I'm not a newshound by any stretch of the imagination. We don't take a paper, though we pick up the local alternative weekly; we hardly ever watch the news; and though he regularly listens to NPR the headlines my husband chose to call up on our Yahoo page are from The Onion. I have websites I go to for science and literary news, and other than that, my current events knowledge is random.
But I don't write thrillers. If I did, I'd be all on top of the news looking for the next book. Case in point: over in the mainstream news forum of the Fortean Times Message Board, I saw people discussing the "Bulger case." In a nutshell, in 1993, in Liverpool, two 10-year-old boys abducted, tortured, and killed a two-year old boy. I'd never heard of it, but you can imagine the publicity and strong feeling in Britain.

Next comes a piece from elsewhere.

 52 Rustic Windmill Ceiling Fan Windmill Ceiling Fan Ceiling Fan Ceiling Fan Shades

The case began being discussed again this week because one of the two perpetrators, released on probation with a new top-secret identity in 2001, violated the terms of his release and was returned to jail. Official information on what he'd done to break probation was not provided; which prompted one of those displays of watercooler invention that support my contention that everybody gets story ideas all the time. He'd contacted the family of the murdered boy; the family of the murdered boy tracked him down for payback; he'd fallen asleep on a friend's couch and didn't check in with his probation officer; he got in a drunken brawl with a co-worker; he's a junkie; he surfs the web for kiddie porn. A co-worker's husband on the force with contacts says this, someone who ought to know says that - you know the game.
Yes, game. A ghoulish game, but a human one; and one writers have to play. This one's a little outside my comfort zone, but Hobkin and Vikki Vanishes both began with news only a little less horrific than this. I'll tell you how that worked some other time. Right now, I'm looking at the branching roads that spread out from this particular horror, and here's how I parse it.

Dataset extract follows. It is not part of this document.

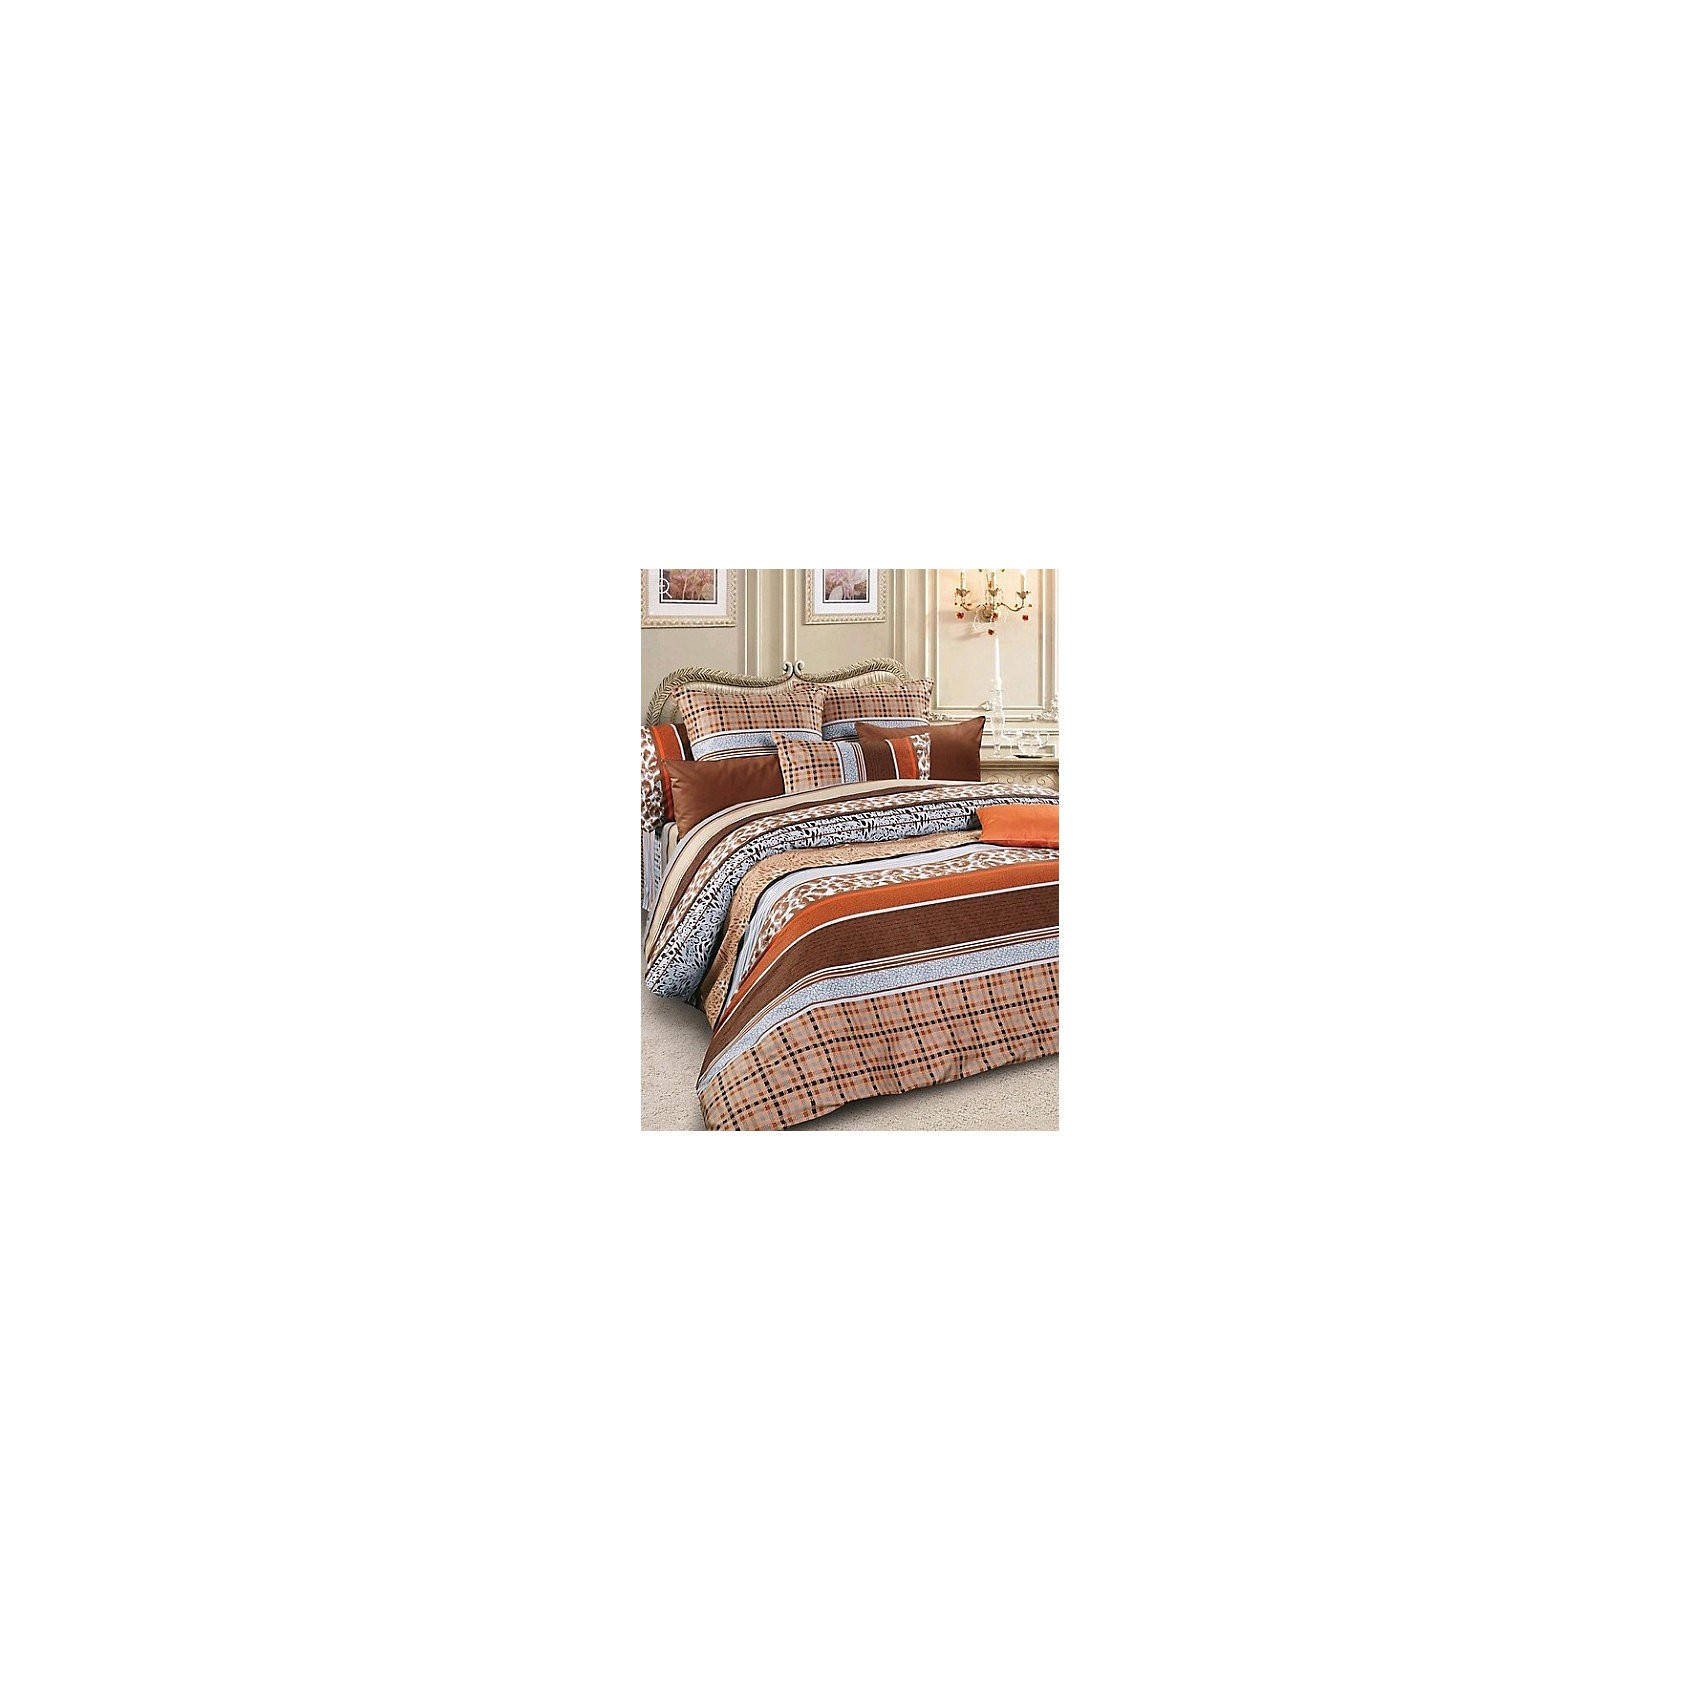 Letto Постельное белье Евро SM56 сатин, (нав.70х70), Letto комплект белья letto дуэт семейный наволочки 70х70 цвет голубой b33 7

First of all - you commit a crime like this at age 10, you wake up every morning for the rest of your life as the person who committed this crime. I am naturally reminded of Nancy Werlin's The Killer's Cousin, which explores this reality.
The fact that two boys are in this situation is particularly fruitful for the YA thriller writer, as it automatically opens up the possibilities for character development. Whose ideas was it? Was this a twisted blood brotherhood rite, a case of a dominant personality and a subservient one feeding into each other, a bizarre outbreak of normal childish aggression? Do they blame each other? Support each other? Ignore each other? Is one repentant and one not? What about their families - is there a little brother who looked up to one, was either of them abused, were they spoiled rich kids? The anonymity of the two boys allows us to project our own fears, theories, and fictional purposes onto the blank canvas of official secrecy.
The water cooler gossip I saw reported on my message board exemplifies the rich selection of plots that can arise out of this situation. If the repentant one contacts the family to try and make amends, that's one story; if the family is hunting both down for revenge, that's a very different one. Drunken brawls, drug abuse, chaving at the restrictions of probation-based life all lead in different directions. And what's going on with the other one? Is he really making good; or is he the dominant, unrepentant one, minding his p's and q's in order to keep his indulgence of his evil impulses under police radar? Maybe the repentant one is framed by the unrepentant one because he realizes his old friend is up to his old tricks!
At this point, if you're thinking: "Ick, gross, shut up, these are real people you're talking about, what if the family of the murdered boy stumbles on this blog somehow?" well - so am I. If you want to rip your stories out of the headlines, and you have any sense of decency, I recommend you do this stage of the brainstorming process in the privacy of your head and your trusty notebooks, detaching your fiction from the fact as fast as possible. How Truman Capote could live with the idea of the families of the victims reading In Cold Blood I can't imagine. Invent your own details, change the setting, change up genders, mash this crime together with others, do everything you can to separate the reality from fact.
Exploiting the real pain of real people for entertainment is - ooh. No. How'd you like it if somebody did that to you? You'd hate it, that's what! You'd hate the author. You'd hate everybody who made the book a bestseller and a blockbuster movie. The fact that people are ghouls and eat this stuff up with a spoon is disgusting.
But it's real. So the thing to keep in mind when you're ripping off those headlines is: How do I do this in a way that isn't disgusting? How do I mine this horror for the urgent and important themes it contains; the questions of evil, responsibility, maturation, forgiveness, vengeance, endurance it raises, without falling into a morass of sensationalism? How would I want this story told, if it began with my own story?
And when you've figured that out, write the hell out of it.